After a few years of learning and using R to perform cognitive neuroscience and psychology research, I joined Convo in March 2018 as their Data Scientist. I report to their Director of Engineering, which places me squarely on the same team as software, app, and internal systems engineers.
It’s been a steep — but very fun — learning curve as I learn how to work in a software engineering environment, having had zero prior experience with software development or any of that app coding stuff. Soon after joining Convo, my work made a hard turn into the realm of data engineering when I got my first major project: “set up a data warehouse.”
I never heard of a data warehouse before. So I asked my CTO. “Data that all go in one place, and that enables us to identify business opportunities and helps teams easily make data-driven decisions,” she explained.
Sure, but what’s the difference between that and a regular MySQL database? I wondered.
Having a PhD means I should be good at research, right? So I put those skills to use and dived straight into the brave new world of data stacks and data engineering. It’s indeed a “brave new world” because a whole host of data engineering theory, SaaS vendors, community Slacks — really, an entire ecosystem — have sprung out of seemingly nowhere to address data needs that didn’t exist a decade ago.
The good news is this new ecosystem is full of very helpful, engaging people who want to make easier the difficult jobs of (1) getting data from one place to another place and (2) turning raw data into usable data. The bad news is, if you’re not sure where to start (e.g., “what’s ETL?”) or even what keywords to put in Google, it’s easy to get off-track. The ecosystem has changed very fast, so my research often sent me towards vendors selling costly, legacy-ish data management systems that appeared to be built on top of outdated data assumptions. After some time and countless Slack chats, my understanding slowly crystallized into, “I’m building a data stack.”
So -- what's a data stack?
A data stack makes data edible. A data stack is like a kitchen for data. Think of how you bake a cake:
See how the ingredients become a cake after going ‘round a kitchen? Most cake ingredients aren’t edible by themselves (they contain nutrients, yes, but you wouldn’t have the most fun time munching on flour or butter sticks). But after spending some time in the kitchen with the proper tools: a mixing bowl, an oven, a kitchen timer, a cake pan, spoons and spatulas, a chef who can follow instructions, these formerly-unedible ingredients turn into a lovely cake anyone’d be happy to nosh on.

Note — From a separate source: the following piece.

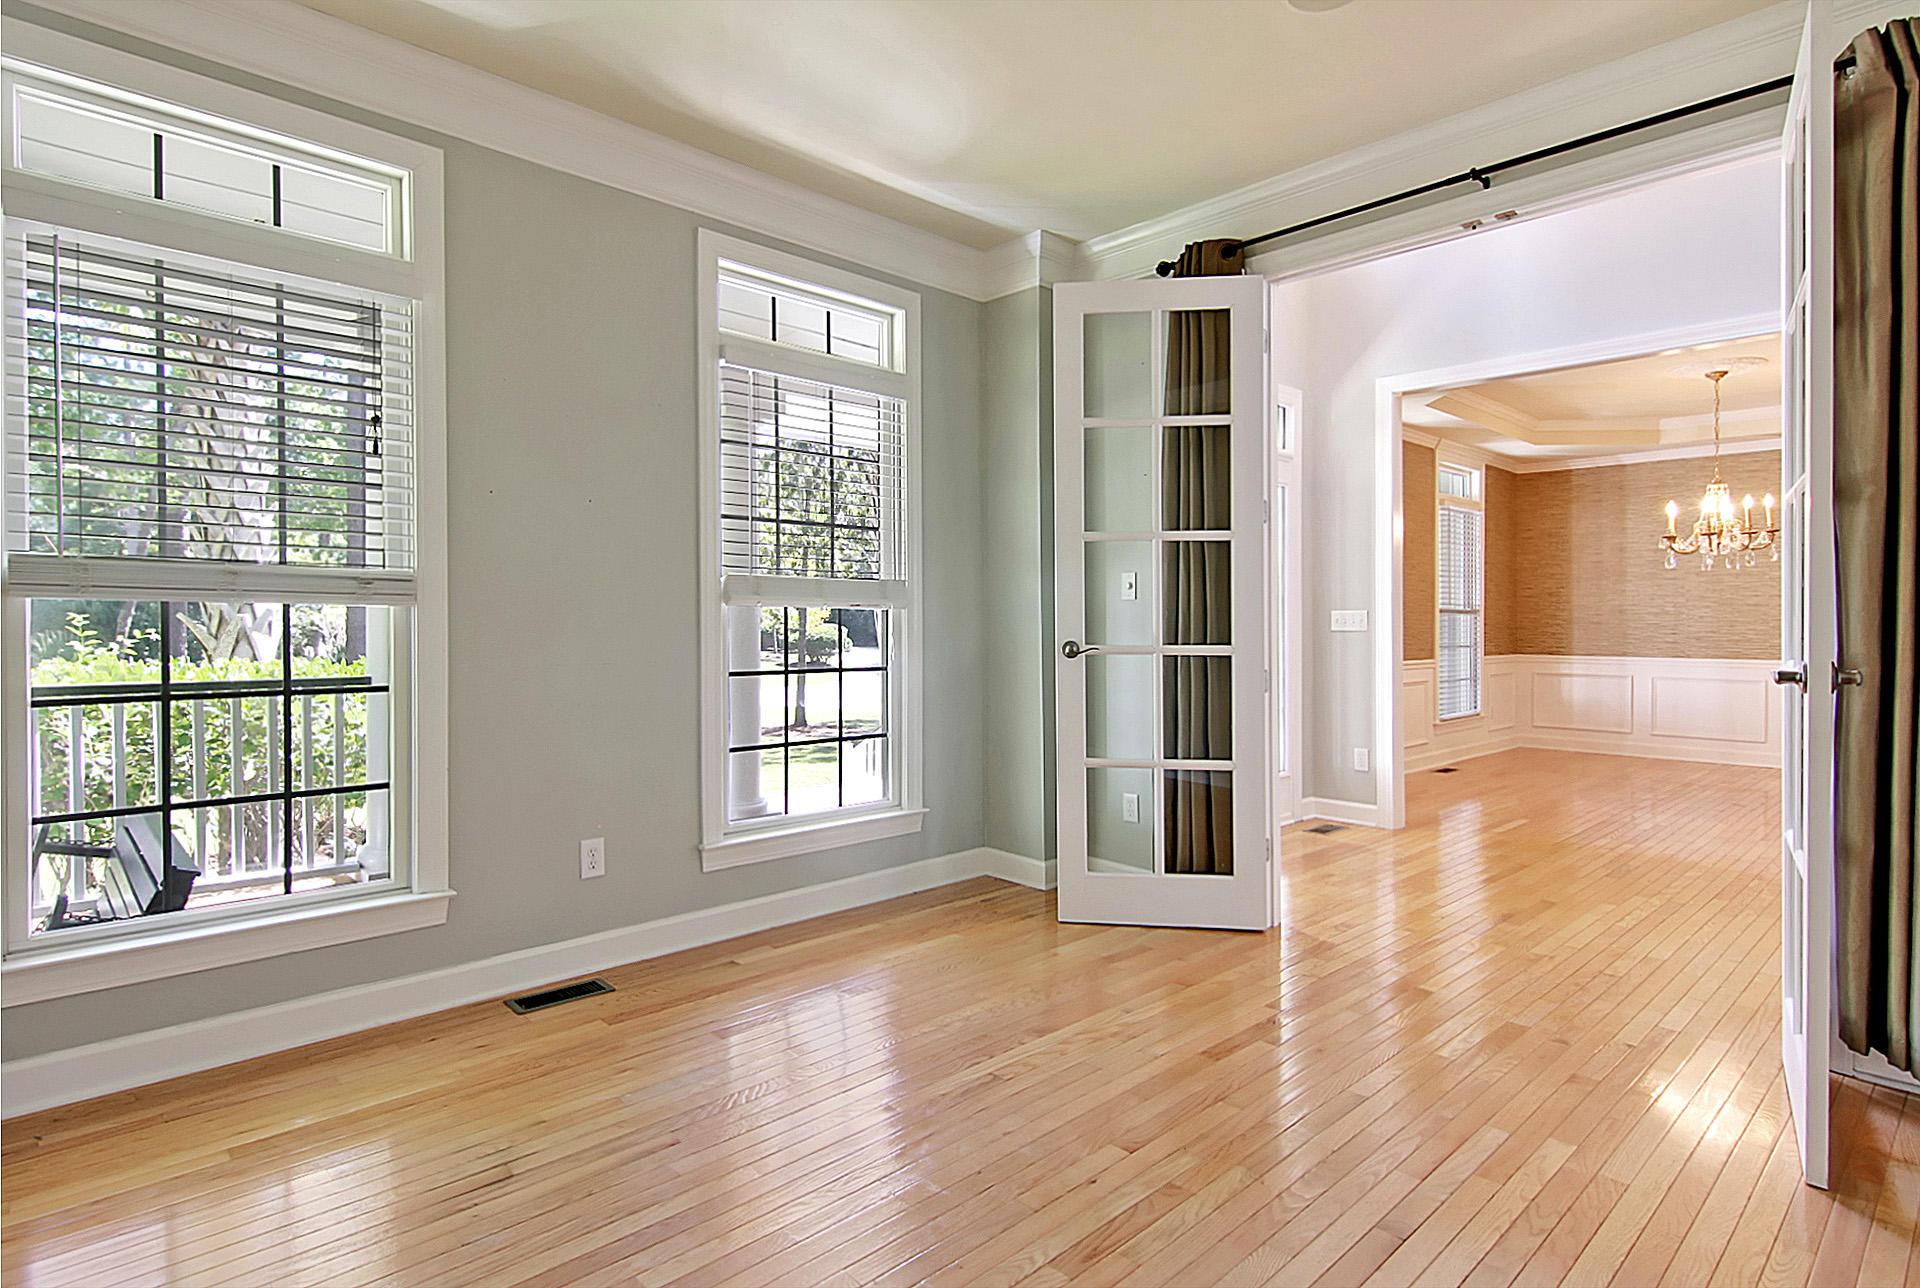 Dunes West Homes For Sale - 2236 Black Oak, Mount Pleasant, SC - 3

And that’s the key thing. Bits of data sitting here and there by themselves aren’t so edible. But after journeying through a data stack, the bits of data have turned into useful fact and dimension tables with clear field names and types, easily digestible by different departments in a company.
How unedible data becomes edible data.
Yep, nailed it. What’s inside that data stack? It’s not just a data warehouse! Data stacks are composed of tools that perform four basic functions:
Any tech company who cares about data should have a data stack that does all four functions. The data stack I’ve built at Convo ticks off these requirements. All the components work together like a dream, and teams are starting to gobble up the data left and right.

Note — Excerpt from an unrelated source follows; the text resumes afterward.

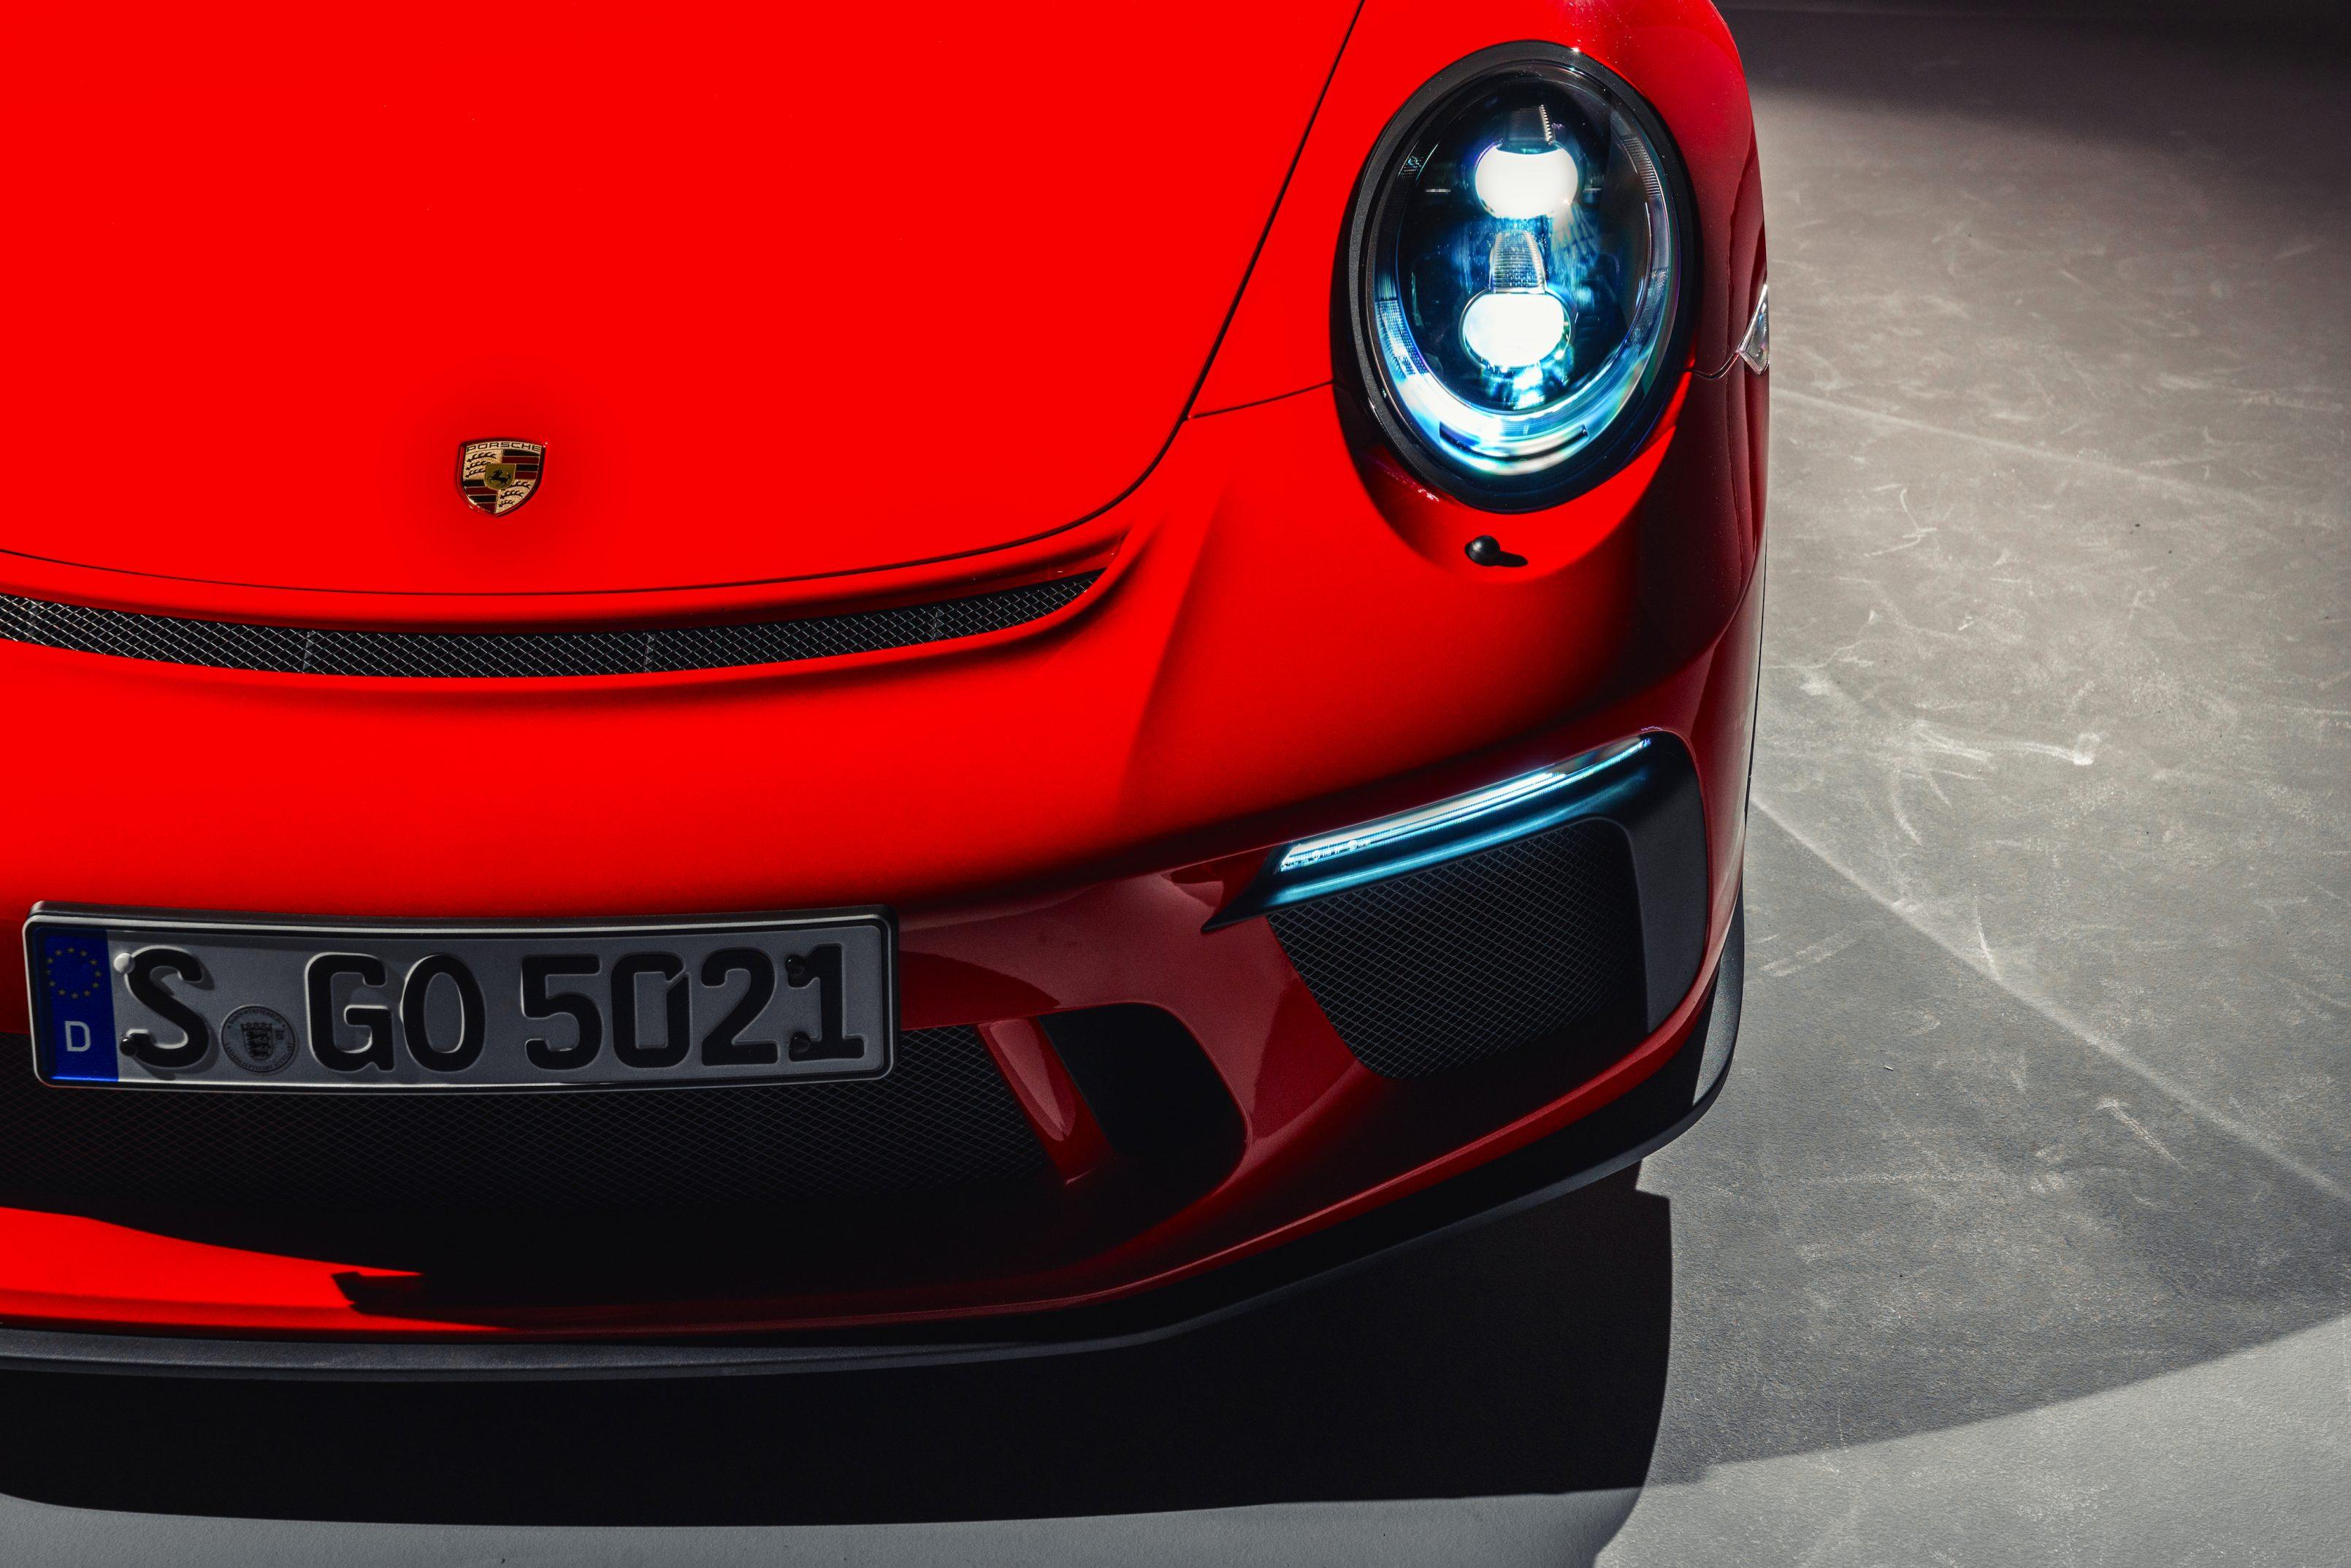 Flip This Porsche: Automaker надеется остановить будущих спекулянтов

My speedy education in this realm has been greatly aided by the awesome folks at Fishtown Analytics (creators of dbt and Sinter) and the very active dbt Slack community they moderate. If you’re a new data engineer or a data scientist who, like me, does a lot of engineering-y stuff, this is the place to hang out. Also helpful are Stephen Levin’s resources, as well as the Future-Proofing your Analytics Stack video from Mode. In particular, that video compares all-in-one vs. modular data stacks, which is an important question to consider when designing your data stack.
Happy data stack building!
P.S. Back to my question above: why not just use a MySQL database for a data warehouse? Because the amount of data you’re importing from all these sources probably is going to be massive, and it’ll consume a lot of processing time to transform all that data. Flexible cloud-based data warehouses are the way to go, and virtually all data loading tools support those as data destinations, and likewise with data reporting tools using those as data sources.
P.P.S. I’ve also seen people call data stacks “BI stacks” and “analytics stacks.” FYI.